The final consideration is the most elusive to judge acurately, and that’s how likely is the customer to tip. Everything else has by this point been measured, so this last consideration is complete guess work. For catch-all delivery services like this one, customers have a way to tip through the app, and tip is calculated based off percentage. A fifteen percent tip on a seven hundred dollar Apple order is attractive indeed. So now you might understand while I’ll almost always go for that macbook delivery, and further clue you in to why coffee is not worth my time, not just because it’s easier to intimidate Apple store clerks than baristas.

So the most basic tip-off to a good tipper is the nature of the item itself. High end electronics especially. The next clue is the location. An order for twenty bottles of wine on a Friday afternoon to an office high rise in FiDi? My biker sense says office party, good feeling for the weekend, and the company card. I don’t even hesitate. People almost never seem to mind tipping the delivery guy when it’s the company on the hook. But a single Mission burrito up Pacific Heights? Go die in a fire.

photo: nonprofitquarterly.org

photo: nonprofitquarterly.org

Now I understand tipping is a bizarre practice. I don’t think I’ve ever tipped a mailman or a UPS driver. We both work deliveries, so why don’t I leave a little something in the mailbox? Because they work for companies that offer health benefits, dental insurance, and 401ks. They’ve got the protective shell of a motor vehicle around them to isolate them from collisions and weather. The hardest they’ll have to work to get up 17th Street’s 23% grade is to flex the tendons in their right ankles. I don’t get any of that. My company offers no benefits. I’m not encapsulated in some metal husk. When it rains I get wet. Without tips I average $8.50 an hour. I could make more picking fruit. My retirement plan is facefirst into an oncoming Fedex truck and dead before I hit the payment.
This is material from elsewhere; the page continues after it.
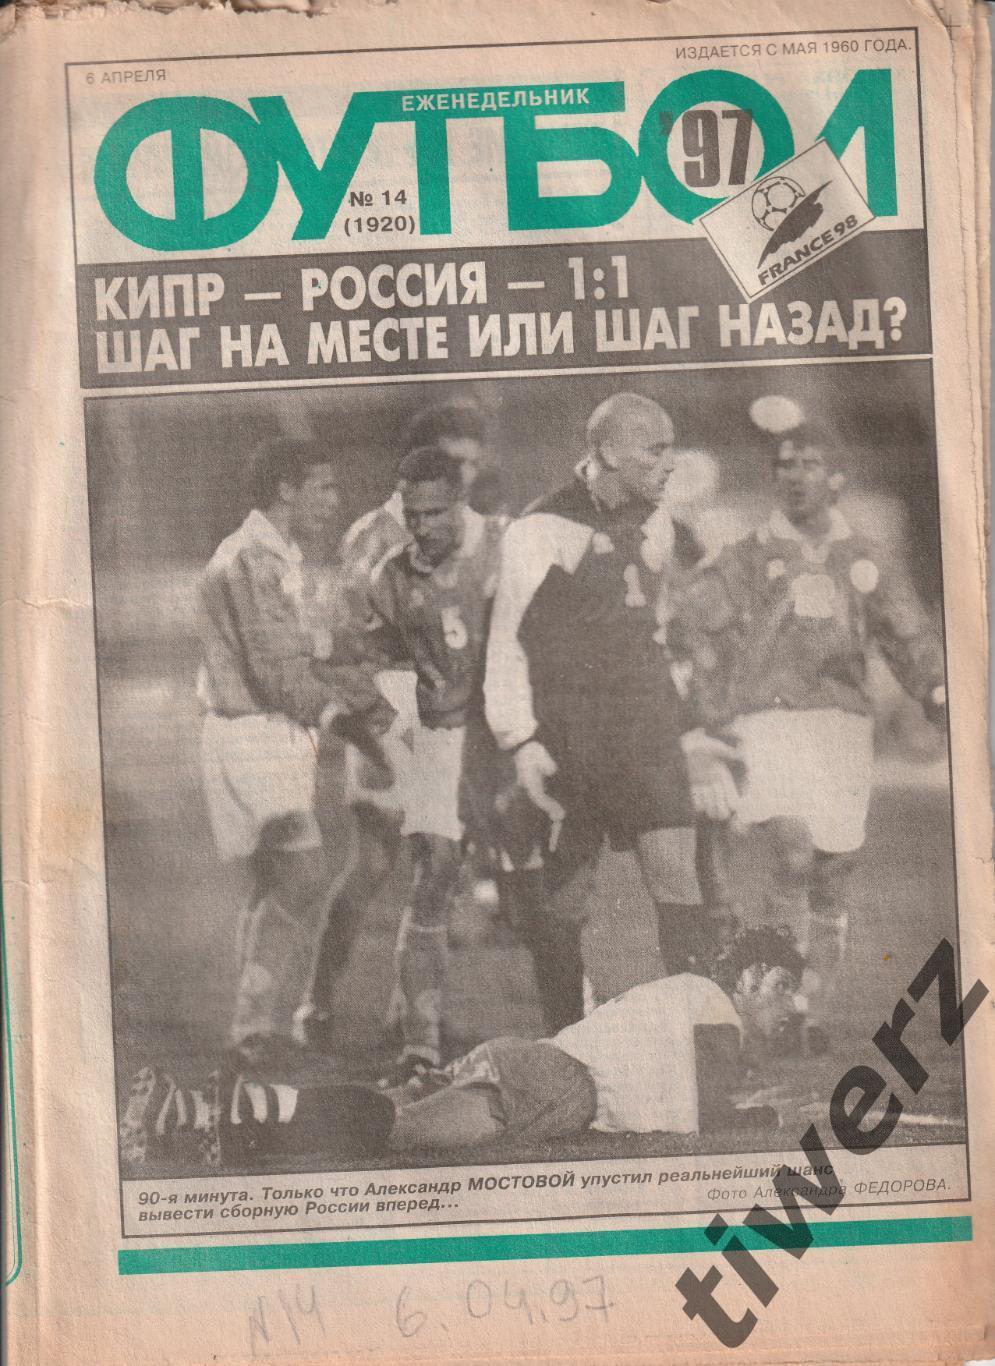 Еженедельник Футбол. 1996 №32, 1997 №13 - 16 1

Of course, it’s not a foolproof system. Given all these considerations it’s still possible to misjudge. I had one time I accepted a pickup for a $900 amplifier to be delivered from Castro to SoMa, and had it explained all the way how important it was that I take precautions to transport the device safely. Got the address on Howard and been told flatly by the client that he wasn’t going to tip, even though I had not asked.

“If you want to make money, then find another job,” he said.

As though I had taken the position because of a deep spiritual commitment to quality parcel delivery.

Even if you’re only passingly acquainted with San Francisco you’ll notice I’ve left something out, but hills almost never enter my consideration. There’s quite a number of customers I’d be turning down if I refused, and once I’m up by Grace Cathedral or Coit Tower, I get to enjoy some of the lovelier views of the bay. I like figuring out the challenge of getting around and through, and occasionally up to their summits. The hills are the principal reason to feel proud – alright, smug – about my work. To know that I earned my way up here.